Progress In Electromagnetics Research, Vol. 60, 265-291, 2006
doi:10.2528/PIER05122802 | Google Scholar

Abstract
A Gaussian beam is an asymptotic solution to Maxwell's equations that propagate along a curve; at each time instant its energy is concentrated around one point on the curve. Such a solution is of the form

E = Re{eiPθ(x,t)E0(x, t)},

where E0 is a complex vector field, P >0 is a big constant, and θ is a complex second order polynomial in coordinates adapted to the curve. In recent work by A. P. Kachalov, electromagnetic Gaussian beams have been studied in a geometric setting. Under suitable conditions on the media, a Gaussian beam is determined by Riemann-Finsler geometry depending only on the media. For example, geodesics are admissible curves for Gaussian beams and a curvature equation determines the second order terms in θ. This work begins with a derivation of the geometric equations for Gaussian beams following the work of A. P. Kachalov. The novel feature of this work is that we characterize a class of inhomogeneous anisotropic media where the induced geometry is Riemannian.
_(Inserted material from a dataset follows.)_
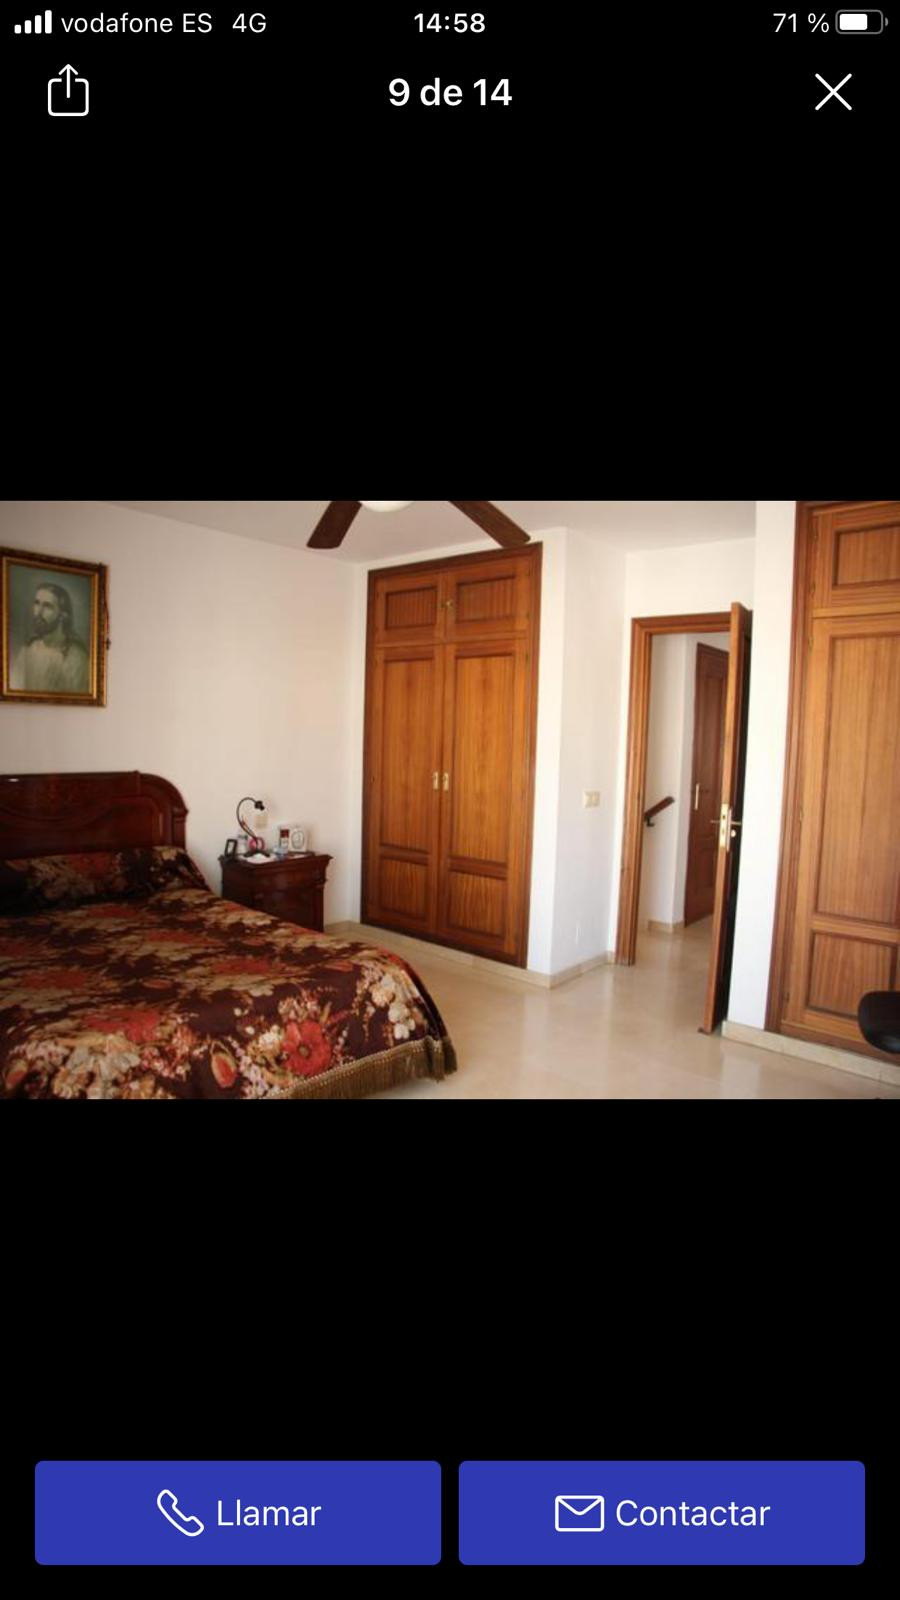 3 bedrooms Townhouse in Estepona

Namely, if ε, μ are simultaneously diagonalizable with eigenvalues εi, μj , the induced geometry is Riemannian if and only if εiμj = εjμi for some i ≠ j. What is more, if the latter condition is not met, the geometry is ill-behaved. It is neither smooth nor convex. We also calculate Riemannian metrics for different media. In isotropic media, gij = εμδij and in more complicated media there are two Riemannian metrics due to different polarizations.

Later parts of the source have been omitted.